1. Вернувшись в вагон трамвая с книжкой билетов метро в руках, бессмысленно смотрела на эту книжку, не понимая, что же мне с ней делать. Между тем тут же в бумажнике лежали заготовленные на всякий случай 15 копеек. Но должно быть, я забыла в эту минуту, сколько стоит трамвайный билет, – и мелькал вопрос, не предложить ли 40 на тот билет кондукторше. И еще хуже: некоторое время не вполне сознавала, еду ли я на метро или на трамвае. И куда именно еду. Потом это прошло. Здесь уже проблески маразма. Разжижение мозга, которое, говорят, начиналось у бедного Москвина незадолго до смерти.
2. Москвин вовремя ушел со сцены мира сего в Миры иные. С какой неослабной нежностью я вспоминаю его каждый раз, подходя к лифту дома, где он жил, в последний год его жизни я нередко встречалась с ним в вестибюле перед лифтом. У него была прекрасная улыбка, полная доброты, душевной ясности и какого-то совсем нерусского джентльменства.
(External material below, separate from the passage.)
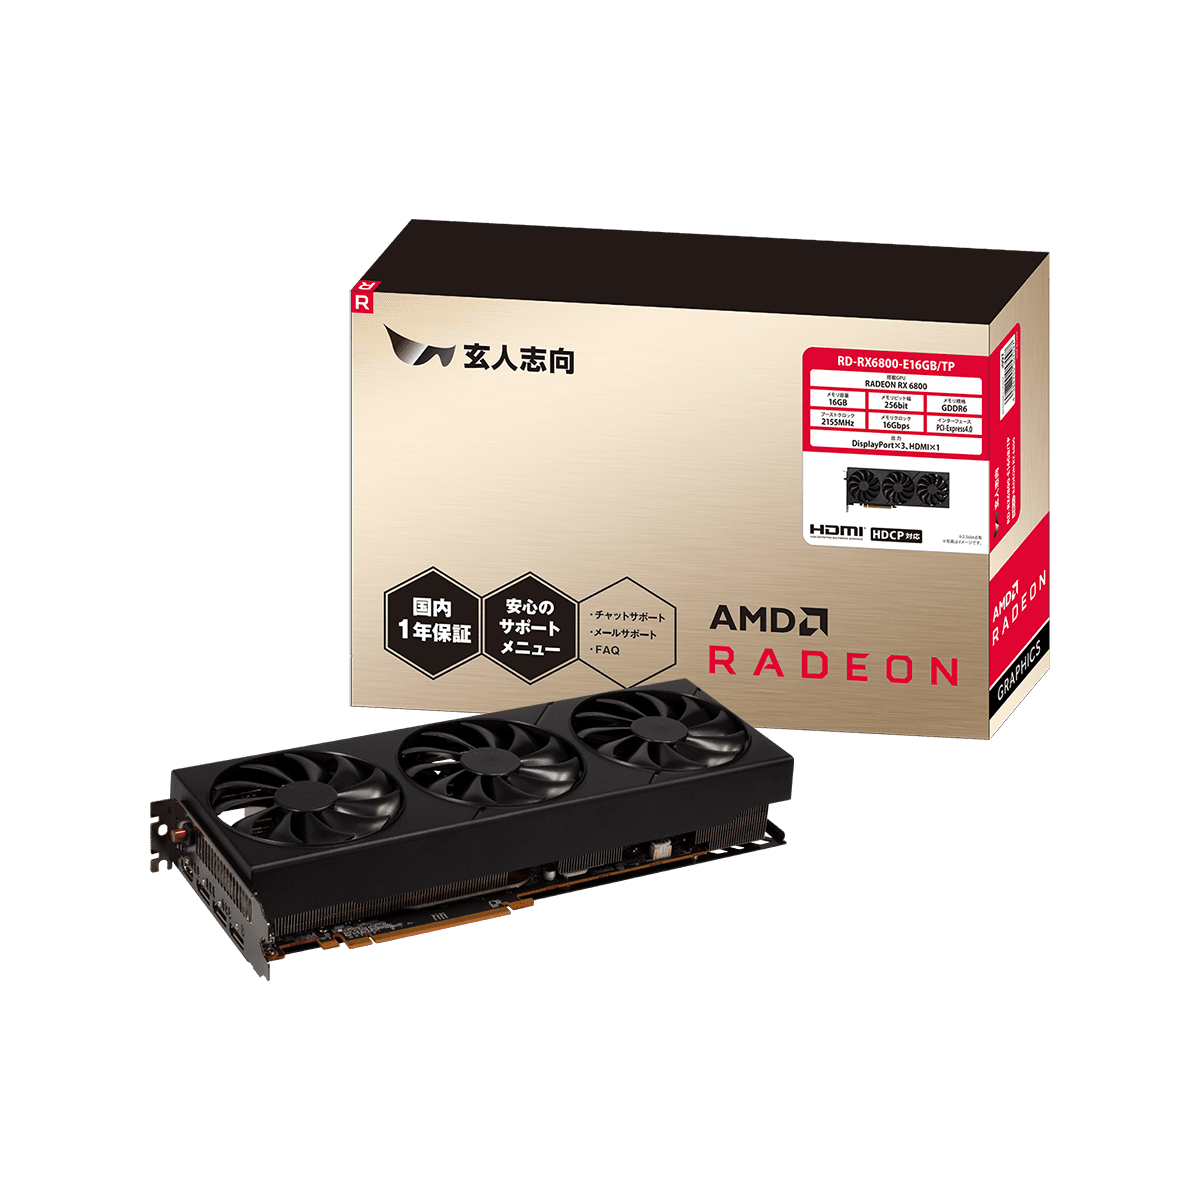 RD-RX6800-E16GB/TP | Radeon RX 6800 搭載 グラフィックボード (PCI

3. Алла сказала при нашем последнем свидании: “Вчера было 48-летие нашего театра. Я прошла по фойе и остановилась перед портретом Надежды Сергеевны (Бутовой, у которой она жила на квартире в свои ученические театральные годы). Перед Муратовой – какое у нее хорошее лицо”. Я ожидала, что она скажет: “Перед портретом Ивана Михайловича Москвина”. Но его имени не было произнесено.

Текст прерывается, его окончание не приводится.